The page header from the server should decode as per: *Content-Type: text/html; charset=iso-8859-1*
However, one line uses \x96 which isn't defined in iso-8859-1. Therefore we use the similar decoding standard cp1252, which is very similar but includes #x96. The character in question was had an Irish foda on a level 8 course

Create a string var,*now*. this is use in file names of back up copies of CAO points.

In [2]:
# Get the current date and time.

now = dt.datetime.now()

# Format as a string.
#global as used in functions
global nowstr
nowstr = now.strftime('%Y%m%d_%H%M%S')



###### Compile the regular expression so it is not compiled at each interation of the loop reading the webpage

###### Explanation of the regualar expression [4][5]:
('[A-Z]{2}[0-9]{3} (.*)([0-9]{3}))</span>

[A-Z]{2}        Any two upper case aphanumberic

[0-9]{3}        Any three digits 0-9

'  '            Two spaces

(.*)([0-9]{3})   Any amount of text before 3 numeric characters


    </font>

In [3]:
#set reg ex
re_courses = re.compile('[A-Z]{2}[0-9]{3} (.*)') #[4]




In [4]:
#Function to get HEI name from course code. using a switcher dict as
#oppose to messy if/else block
#https://www.upgrad.com/blog/how-to-implement-switch-case-functions-in-python/
def getHEI(cc):
    switcher = {'AC' : 'American College',
    'AD' : 'National College of Art and Design',
    'AL' : 'Athlone Institute of Technology',
    'AS' : 'St.
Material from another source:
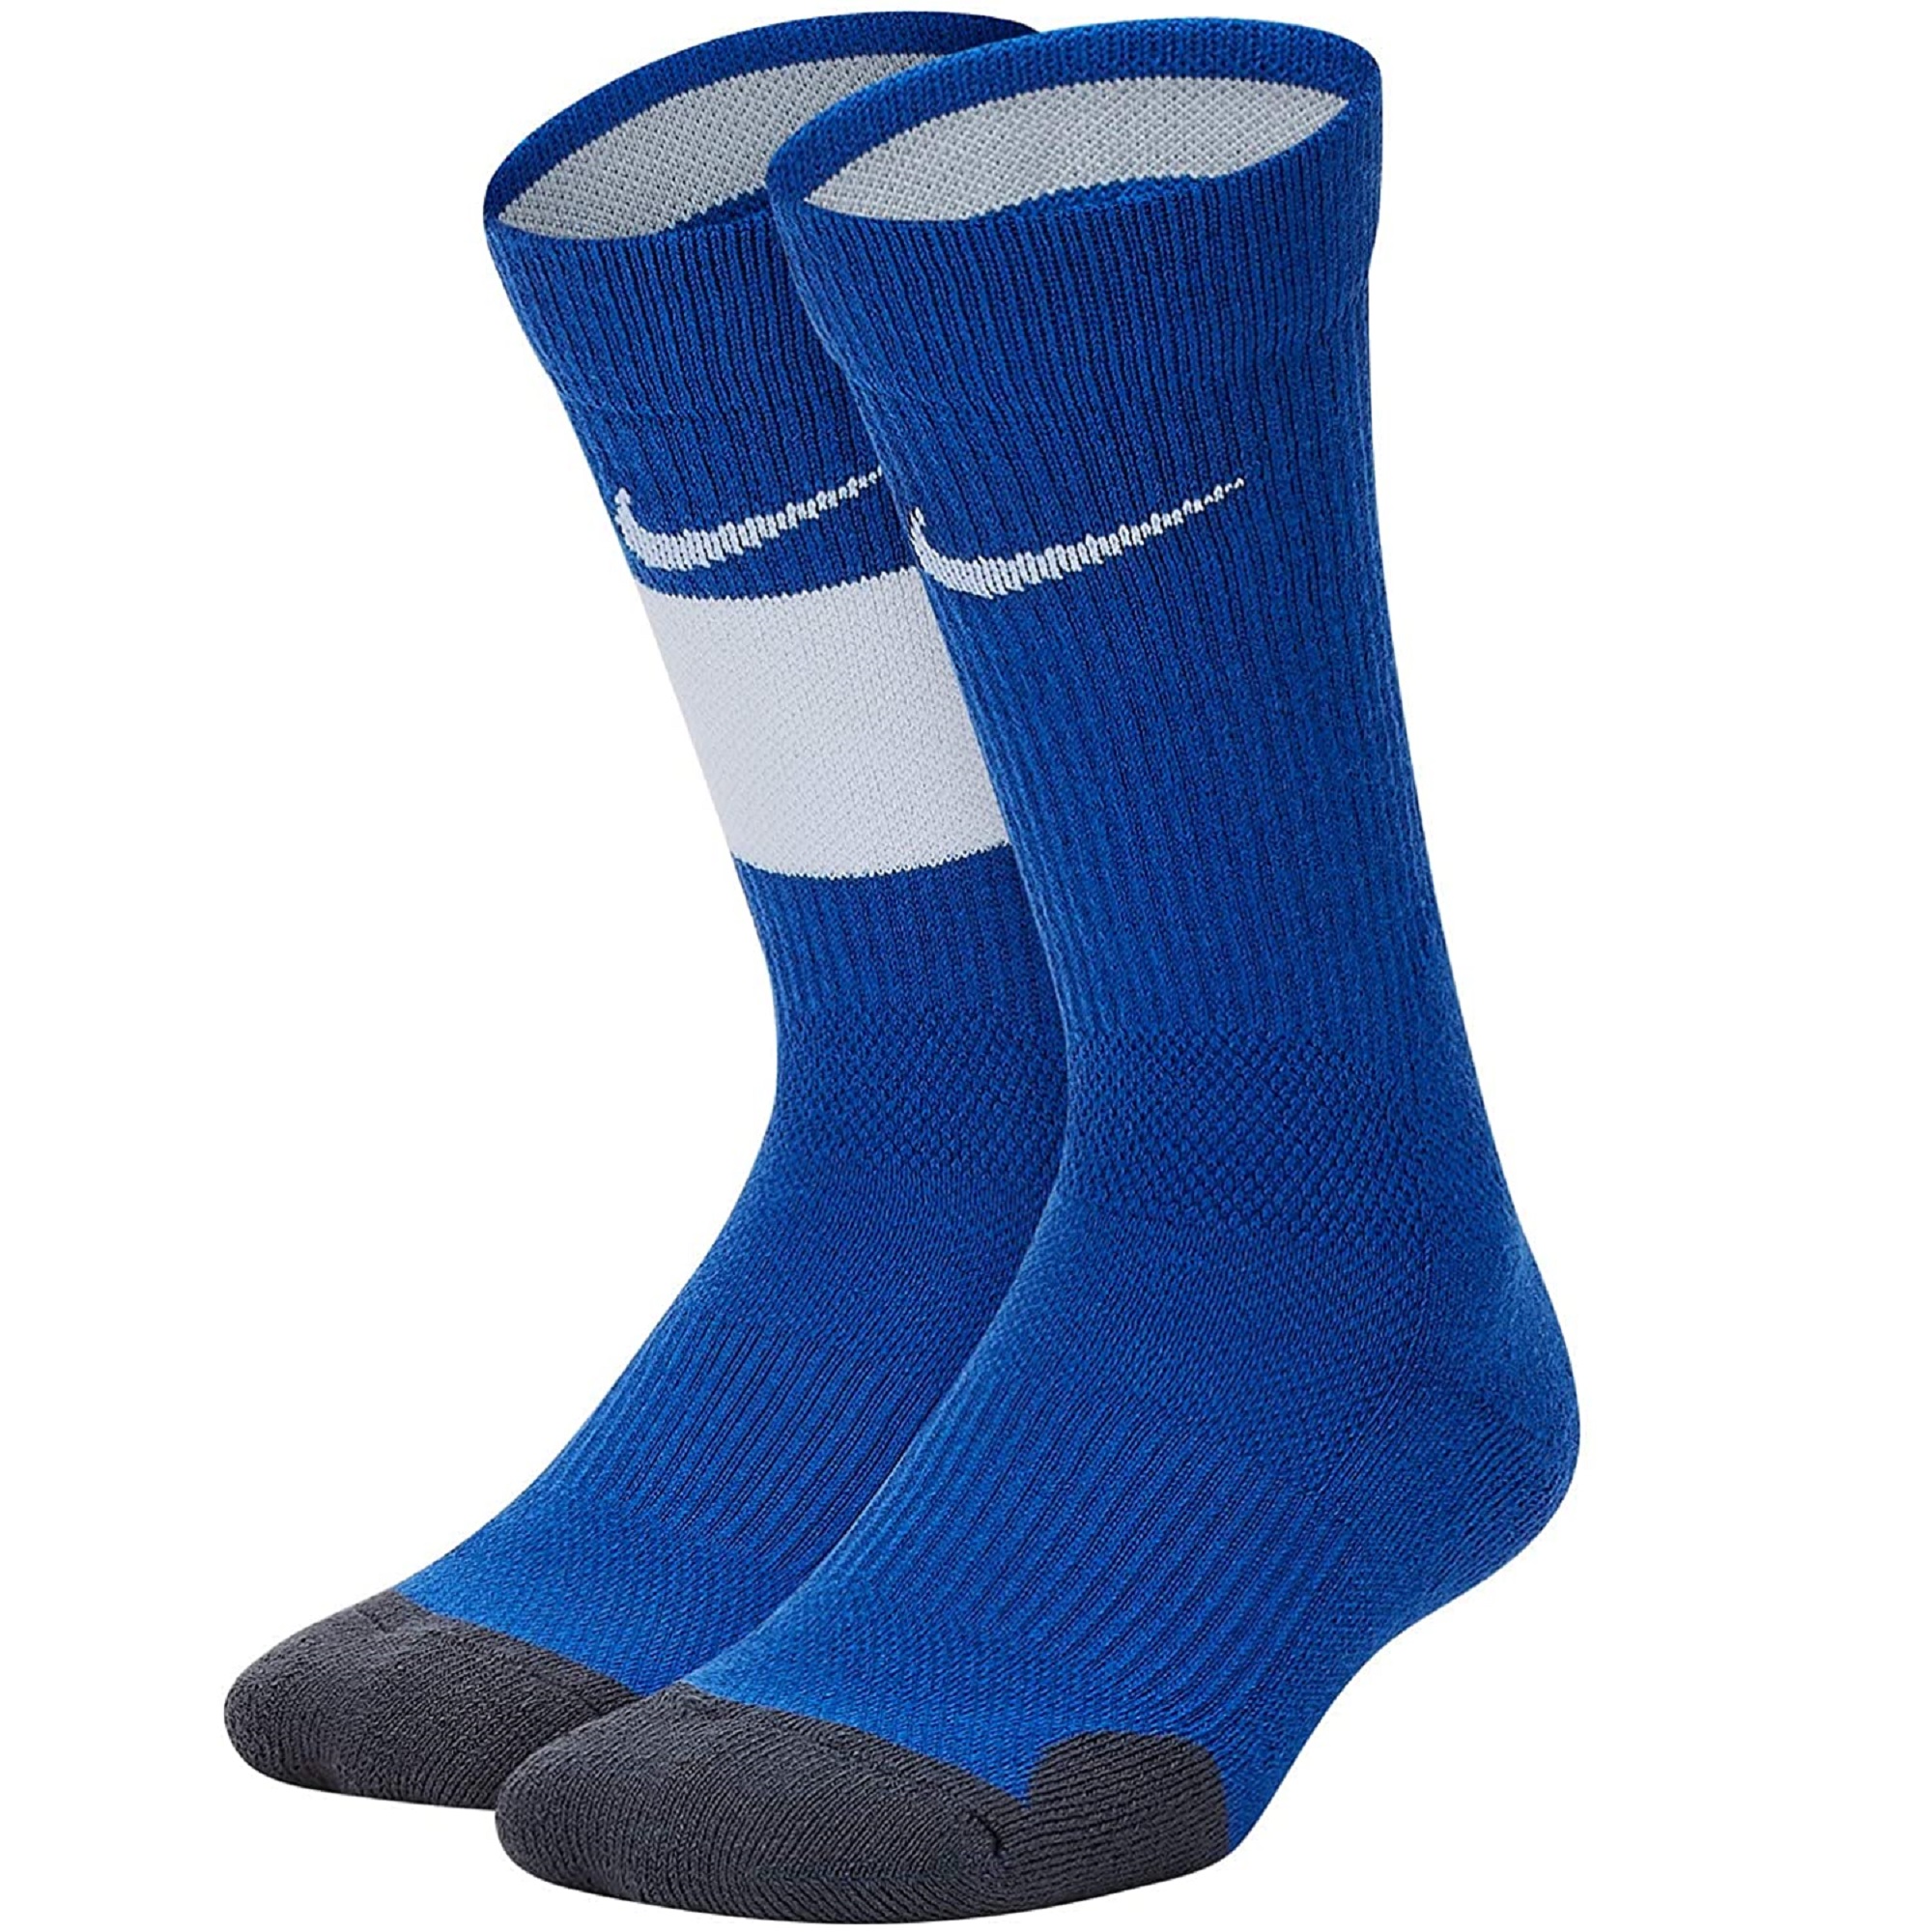 nike socks for basketball 2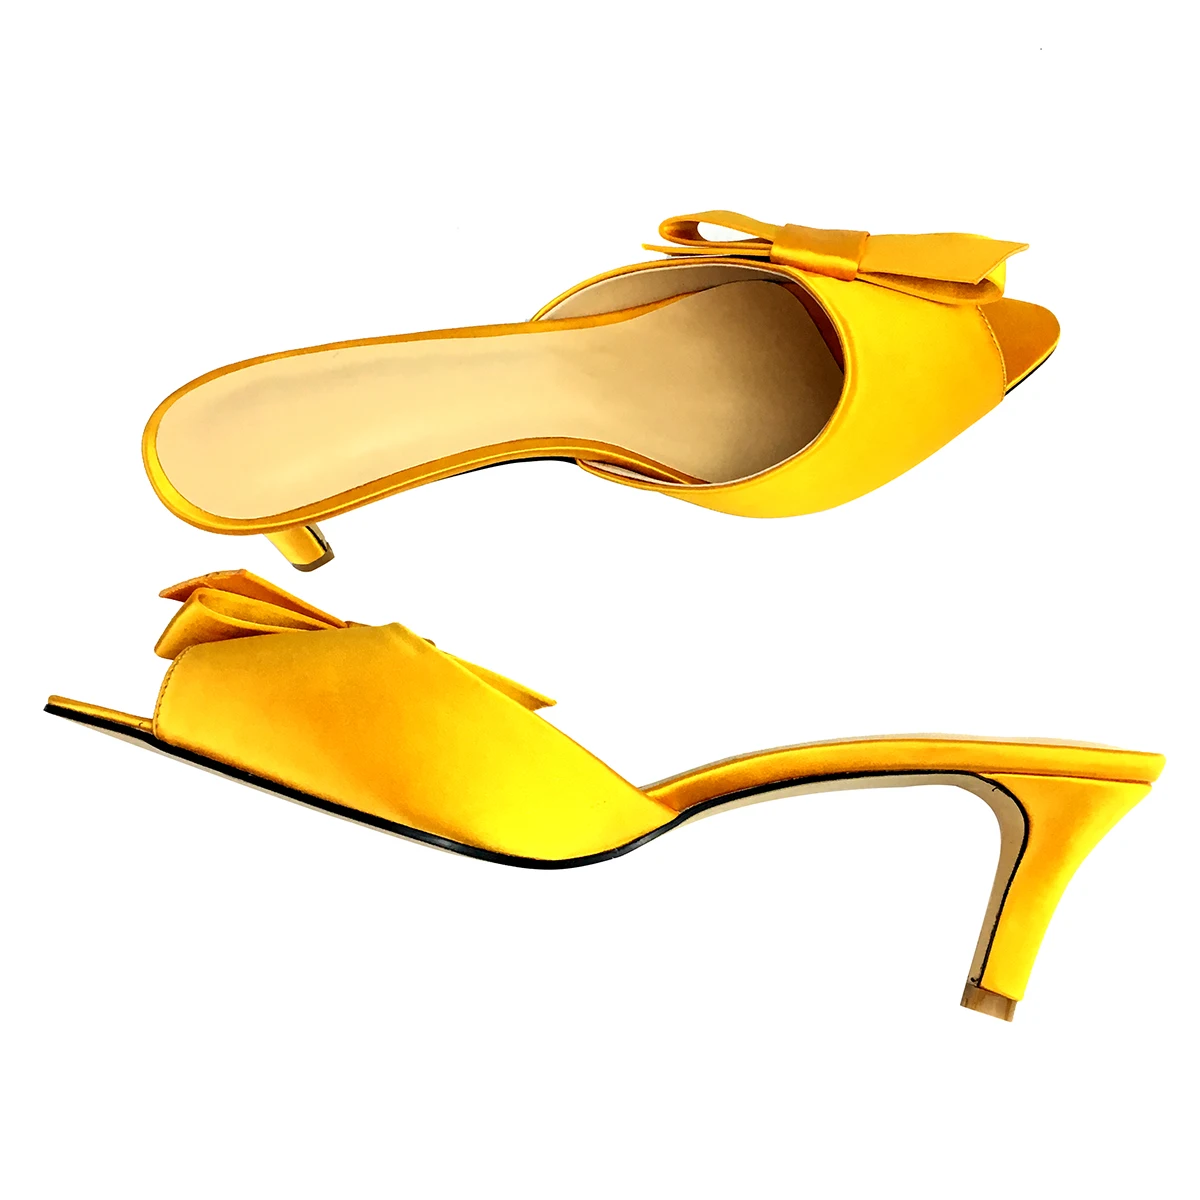 Aiyoway/босоножки без задника на среднем каблуке с бантом; босоножки; цвет золотой, атласный; женская обувь с острым носком; повседневная обувь для отдыха; слипоны

Angela`s College',
    'CI' : 'Irish College of Humanities & Applied Sciences',
    'BY' : 'IBAT College Dublin',
    'CK' : 'University College Cork (NUI)',
    'CM' : 'Marino Institute of Education',
    'CR' : 'Cork Institute of Technology',
    'CT' : 'CCT College Dublin',
    'CW' : 'Institute of Technology Carlow',
    'DB' : 'Dublin Business School',
    'DC' : 'Dublin City University',
    'DK' : 'Dundalk Institute of Technology',
    'DL' : 'Dun Laoghaire Institute of Art Design and Technology',
    'DN' : 'University College Dublin (NUI)',
    'DS' : 'Dorset College',
    'GA' : 'Galway-Mayo Institute of Technology',
    'GB' : 'Galway Business School',
    'GC' : 'Griffith College',
    'GY' : 'National University of Ireland Galway',
    'ID' : 'ICD Business School',
    'LC' : 'Limerick Institute of Technology',
    'LM' : 'University of Limerick',
    'LY' : 'Letterkenny Institute of Technology',
    'MH' : 'Maynooth University',
    'MI' : 'Mary Immaculate College',
    'MU' : 'Pontifical University St Patricks College',
    'NC' : 'National College of Ireland (NCI)',
    'NM' : 'St Nicholas Montessori College Ireland',
    'PC' : 'Carlow College St. Patricks',
    'RC' : 'RCSI University of Medicine & Health Sciences',
    'SG' : 'Institute of Technology Sligo',
    'TL' : 'Institute of Technology Tralee',
    'TR' : 'Trinity College Dublin',
    'TU' : 'Technological University Dublin',
    'WD' : 'Waterford Institute of Technology'
    }

    cc = cc[:2]
    return  switcher.get(cc)

#print(HEI('WD123123'))


In [5]:
#helper
def points_to_arr(s):
    AQA=''
    portfolio =''
    points=''
    random = ''
    #check 1st char for #
    #print(s)
    if s[0]=='#':
        portfolio='#'# add to var
    random = ''
    #check final char for  *
    if s[-1] == '*':
        random ='*'
    points=''
    
    if s.find("AQA") ==-1: #not AQA
        #strip ~ and * from start and end of s
        for i in s:
            if i.isdigit():
                #concat points string
                points = points + i
    else:
        AQA ="AQA" #return AQA as separate val as it will be separate column
        #return
    return [points, portfolio, random,AQA]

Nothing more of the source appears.